Generate and run a Prefect flow

python my_flow.py prefect create my_flow_prefect.py
python my_flow_prefect.py

All graph shapes are supported

# Linear
class SimpleFlow(FlowSpec):
    @step
    def start(self):
        self.value = 42
        self.next(self.end)
    @step
    def end(self): pass

# Split/join (branch)
class BranchFlow(FlowSpec):
    @step
    def start(self):
        self.next(self.branch_a, self.branch_b)
    ...

# Foreach fan-out
class ForeachFlow(FlowSpec):
    @step
    def start(self):
        self.items = [1, 2, 3]
        self.next(self.process, foreach="items")
    ...

Parametrised flows

Parameters defined with metaflow.Parameter are forwarded automatically:

python param_flow.py prefect create param_flow_prefect.py
python param_flow_prefect.py --message "hello" --count 5

Configuration

Metadata service and datastore

By default, metaflow-prefect uses whatever metadata and datastore backends are active in your Metaflow environment. The generated Prefect file bakes in METADATA_TYPE and DATASTORE_TYPE at creation time so every step subprocess uses the same backend.

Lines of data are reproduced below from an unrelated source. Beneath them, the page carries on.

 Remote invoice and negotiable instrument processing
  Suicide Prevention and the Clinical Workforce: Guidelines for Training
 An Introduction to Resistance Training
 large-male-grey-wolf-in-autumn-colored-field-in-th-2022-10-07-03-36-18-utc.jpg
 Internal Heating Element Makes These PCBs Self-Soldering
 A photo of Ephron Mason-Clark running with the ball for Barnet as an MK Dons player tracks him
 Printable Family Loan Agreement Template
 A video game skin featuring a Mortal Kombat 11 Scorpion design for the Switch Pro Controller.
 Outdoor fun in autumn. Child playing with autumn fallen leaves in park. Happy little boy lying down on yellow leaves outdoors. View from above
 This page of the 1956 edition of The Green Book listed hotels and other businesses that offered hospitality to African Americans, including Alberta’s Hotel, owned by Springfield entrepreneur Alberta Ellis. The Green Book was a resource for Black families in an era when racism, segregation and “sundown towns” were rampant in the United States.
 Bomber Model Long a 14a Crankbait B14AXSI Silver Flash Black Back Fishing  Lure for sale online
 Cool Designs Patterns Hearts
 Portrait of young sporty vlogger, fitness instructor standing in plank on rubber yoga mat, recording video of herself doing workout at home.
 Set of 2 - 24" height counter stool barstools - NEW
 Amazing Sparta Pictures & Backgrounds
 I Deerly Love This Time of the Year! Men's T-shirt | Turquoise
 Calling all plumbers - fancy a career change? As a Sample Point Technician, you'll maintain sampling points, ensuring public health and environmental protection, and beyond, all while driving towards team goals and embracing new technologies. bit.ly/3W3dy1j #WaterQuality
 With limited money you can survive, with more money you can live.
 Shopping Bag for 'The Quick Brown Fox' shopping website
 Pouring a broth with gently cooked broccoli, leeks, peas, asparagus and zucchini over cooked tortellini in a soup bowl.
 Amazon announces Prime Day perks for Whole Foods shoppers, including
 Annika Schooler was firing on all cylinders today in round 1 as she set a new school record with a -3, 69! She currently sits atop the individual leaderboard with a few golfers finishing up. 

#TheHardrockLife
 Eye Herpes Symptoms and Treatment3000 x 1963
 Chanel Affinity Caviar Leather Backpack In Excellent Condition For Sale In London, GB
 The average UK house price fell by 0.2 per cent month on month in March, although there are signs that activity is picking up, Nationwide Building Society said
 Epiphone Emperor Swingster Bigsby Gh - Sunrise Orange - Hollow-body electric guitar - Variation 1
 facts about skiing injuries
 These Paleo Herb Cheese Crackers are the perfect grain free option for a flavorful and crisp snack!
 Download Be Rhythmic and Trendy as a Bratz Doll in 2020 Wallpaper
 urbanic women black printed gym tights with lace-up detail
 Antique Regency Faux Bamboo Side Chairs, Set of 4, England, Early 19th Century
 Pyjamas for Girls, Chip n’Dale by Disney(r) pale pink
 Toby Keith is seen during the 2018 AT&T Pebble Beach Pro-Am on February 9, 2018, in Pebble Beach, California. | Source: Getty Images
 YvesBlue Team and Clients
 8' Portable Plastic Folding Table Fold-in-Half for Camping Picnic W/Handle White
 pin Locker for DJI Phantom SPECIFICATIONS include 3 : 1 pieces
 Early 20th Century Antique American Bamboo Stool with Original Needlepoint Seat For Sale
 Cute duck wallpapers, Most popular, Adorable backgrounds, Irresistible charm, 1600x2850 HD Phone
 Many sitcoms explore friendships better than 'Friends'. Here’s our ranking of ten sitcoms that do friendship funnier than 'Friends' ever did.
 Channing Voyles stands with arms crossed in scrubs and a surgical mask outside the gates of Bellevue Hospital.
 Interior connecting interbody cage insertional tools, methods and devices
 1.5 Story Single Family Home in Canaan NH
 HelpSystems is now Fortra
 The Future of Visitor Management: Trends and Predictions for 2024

To use a remote metadata service or object store, configure them before running prefect create:

# Remote metadata service + S3 datastore
python my_flow.py \
  --metadata=service \
  --datastore=s3 \
  prefect create my_flow_prefect.py

Or via environment variables (applied to all flows):

export METAFLOW_DEFAULT_METADATA=service
export METAFLOW_DEFAULT_DATASTORE=s3
python my_flow.py prefect create my_flow_prefect.py

The generated file will contain:

METADATA_TYPE: str = 'service'
DATASTORE_TYPE: str = 's3'

Every metaflow step subprocess will then use those backends automatically.

Step decorators (--with)

Inject Metaflow step decorators at deploy time without modifying the flow source:

# Run each step inside a sandbox (e.g. metaflow-sandbox extension)
python my_flow.py prefect create my_flow_prefect.py --with=sandbox

# Multiple decorators are supported
python my_flow.py prefect deploy --name prod \
  --with=sandbox \
  --with="resources:cpu=4,memory=8000"

How it works

metaflow-prefect generates a self-contained Prefect flow file from your Metaflow flow's DAG. Each Metaflow step becomes a @task. The generated file:

  • runs each step as a subprocess via the standard metaflow step CLI
  • passes --input-paths correctly for joins and foreach splits
  • writes Metaflow artifacts to the Prefect UI as markdown artifacts with a ready-to-use retrieval snippet

Prefect UI: flow run timeline

The generated flow preserves the Metaflow DAG structure — foreach fan-outs appear as parallel task runs in the Prefect timeline:

Flow run timeline showing foreach fan-out

Prefect UI: artifact retrieval snippets

After each step completes, a Prefect artifact is posted showing the Metaflow self.* artifact names and a one-liner to fetch each value:

Artifact tab showing retrieval snippet

Development

git clone https://github.com/npow/metaflow-prefect.git
cd metaflow-prefect
pip install -e ".[dev]"
pytest -v

License

Apache 2.0

Project details


Download files

Download the file for your platform. If you're not sure which to choose, learn more about installing packages.

Source Distribution

metaflow_prefect-0.1.2.tar.gz (374.7 kB view details)

Uploaded Source

Built Distribution

If you're not sure about the file name format, learn more about wheel file names.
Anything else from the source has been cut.